First, Some Background on Forest Fires:
On this hike you’ll see that although some of the forest near Twin Lakes burned, the place is not devastated. While fire disturbs Oregon’s forests, it also represents another way that nature renews itself and shapes our living landscapes. In fact, fire is a key process that impacts forest succession, structure, and biodiversity. Over time, different regions and forest types have evolved with different fire regimes, and so have individual tree species. For example, some species, like Ponderosa Pine, have evolved to be tolerant of fire and have thick bark that protects their cambium (the living layer of a tree just under the bark) from fire. And other trees that are killed in fire still work to rejuvenate the forest by becoming snags and down logs that stabilize and enrich the soil and provide much-needed habitat for species like woodpeckers.
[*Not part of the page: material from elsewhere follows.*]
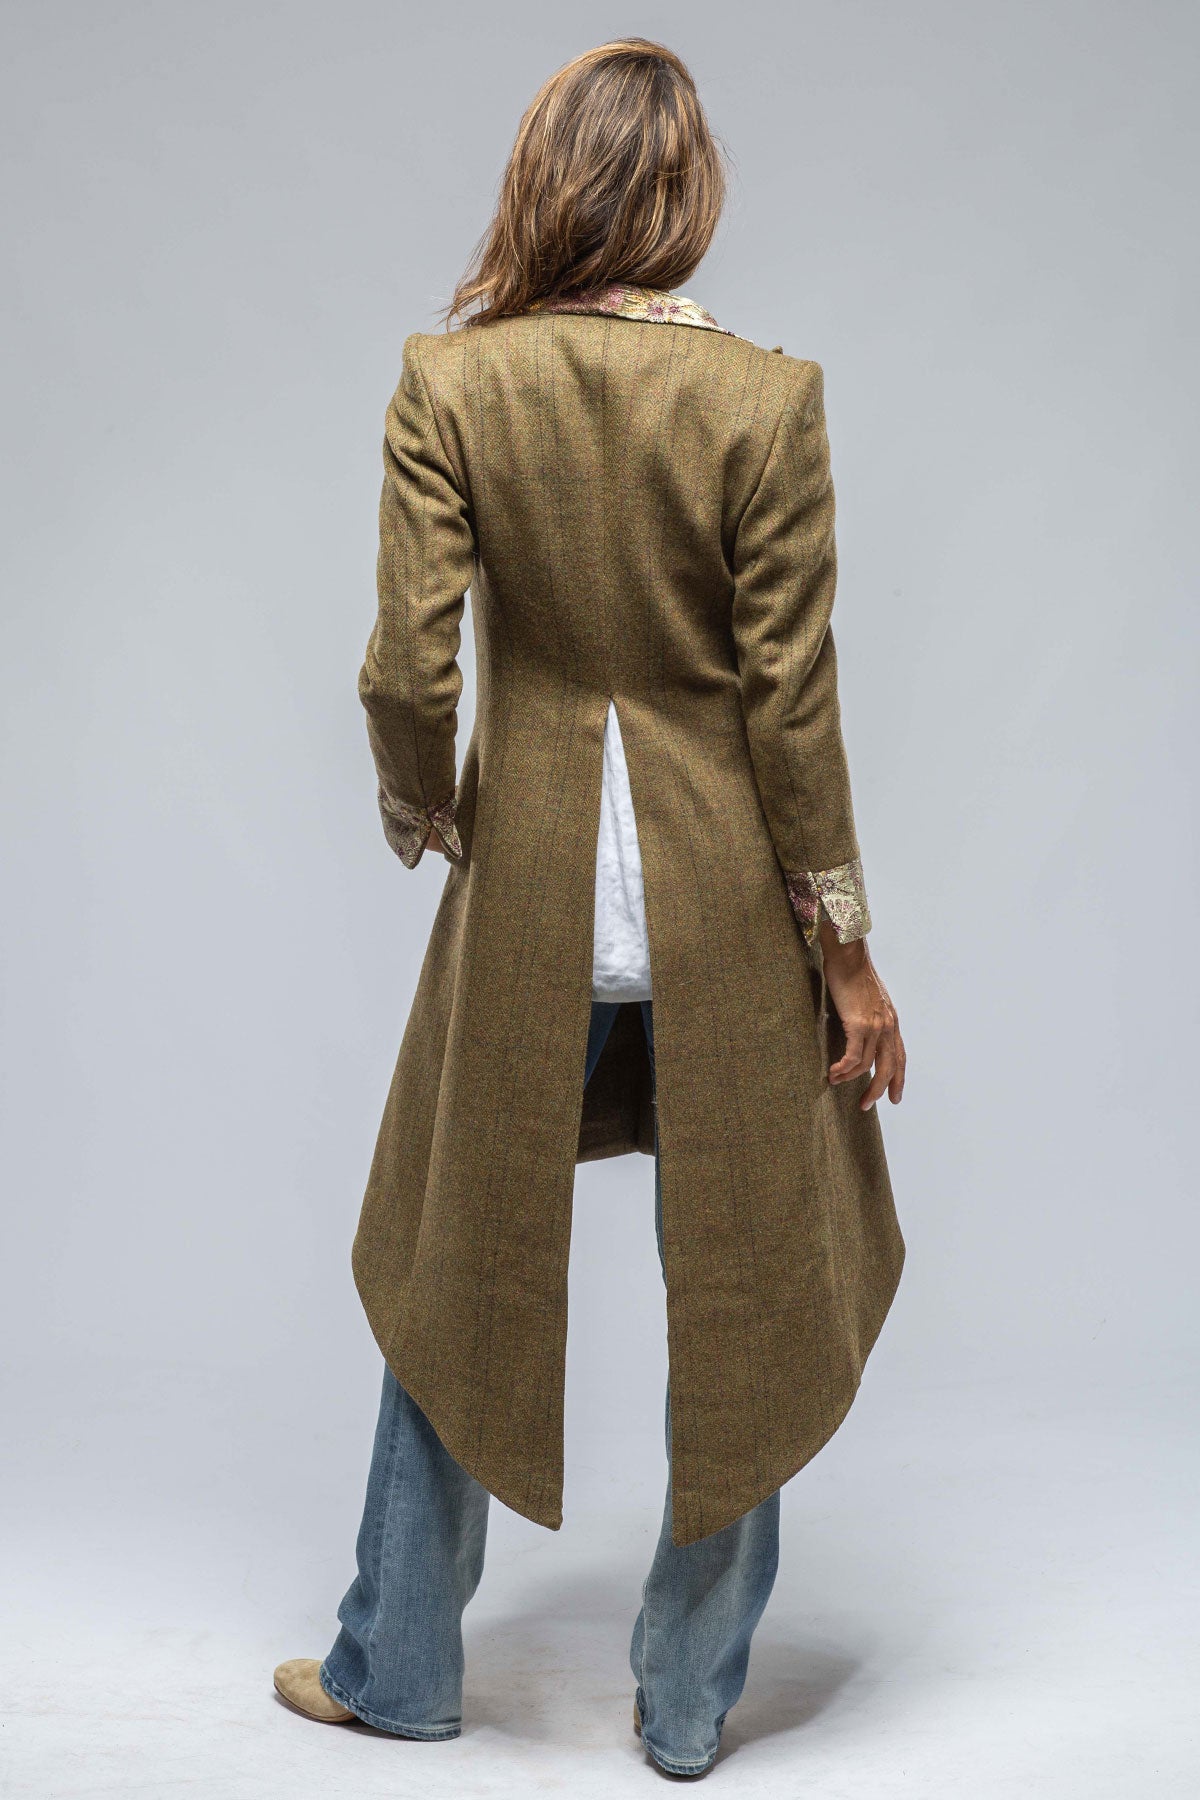 Evora Tweed Coat W/ Embroidery | Ladies - Tailored - Jackets | T.ba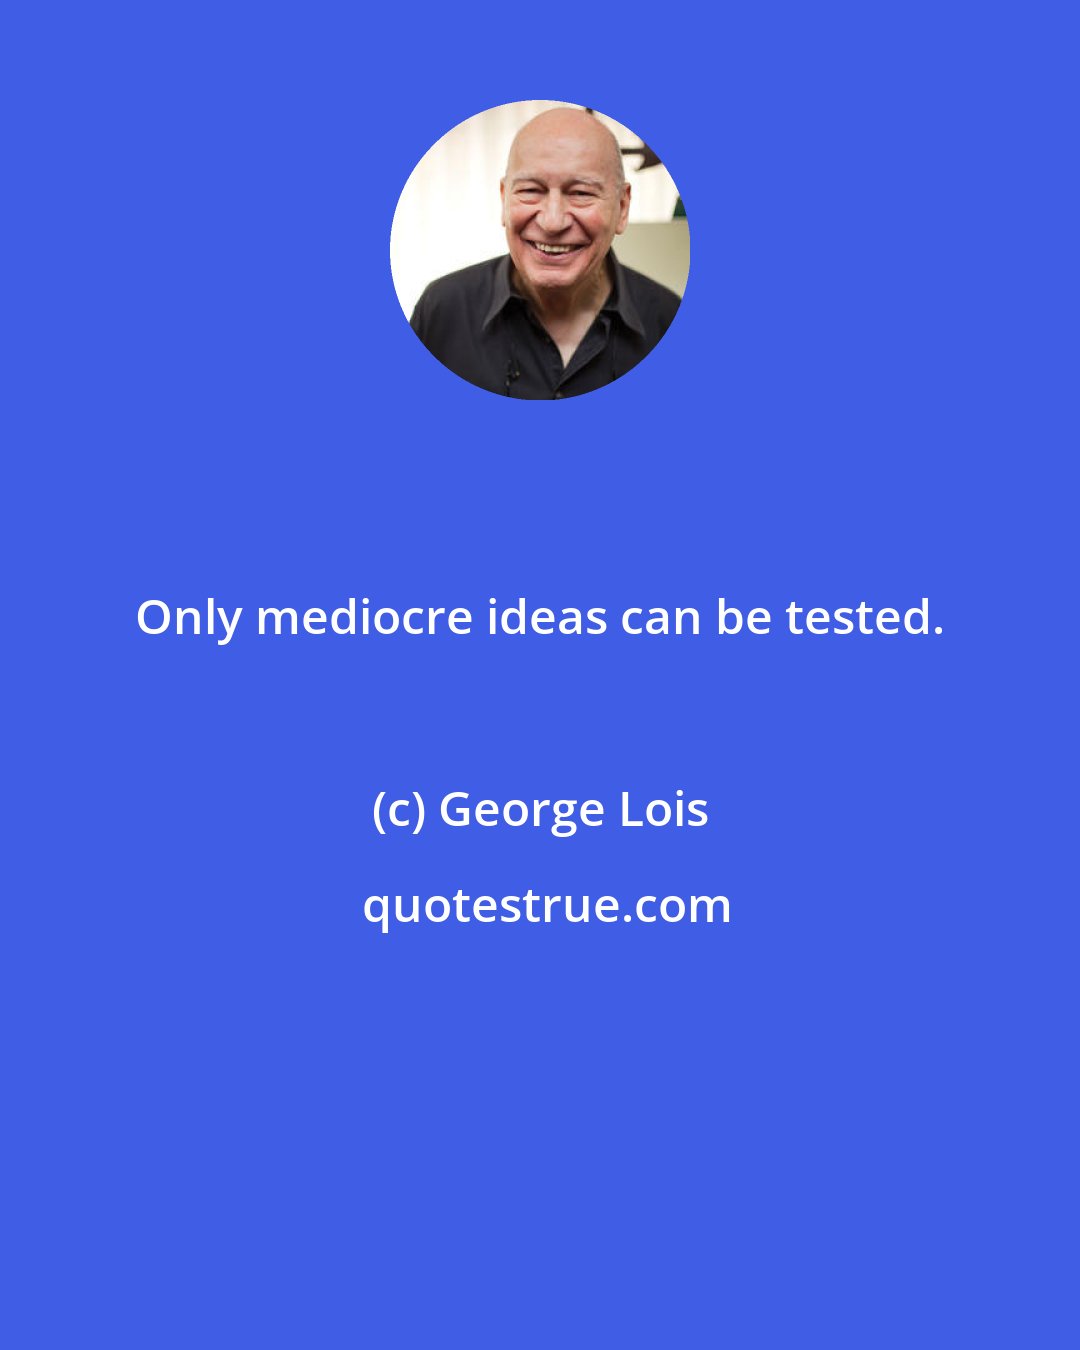 George Lois: Only mediocre ideas can be tested.

It is also important to note that the natural cycles of fire have been disrupted since Oregon’s settlement by Euro-Americans. Many of the largest and most-fire resistant forests are now less resilient to fire due to logging. And fire management policies have sought to prevent and put out fires whenever and wherever they start, which has led to an unnatural buildup of fuels and dense undergrowth in areas where frequent fire was the norm. And once the fires are put out, the burned trees are often removed - a practice known as salvage logging - which alters the natural forest structures in the aftermath of fires. On a larger scale, climate change has affected weather conditions as well, thereby affecting fire severity. All this to say, in order to have a thriving ancient forest, fire needs to be tolerated in and restored to its natural role. You can learn more about fire’s role in forest ecology online at Thriving with Fire, or in our new book, Oregon’s Ancient Forests: A Hiking Guide.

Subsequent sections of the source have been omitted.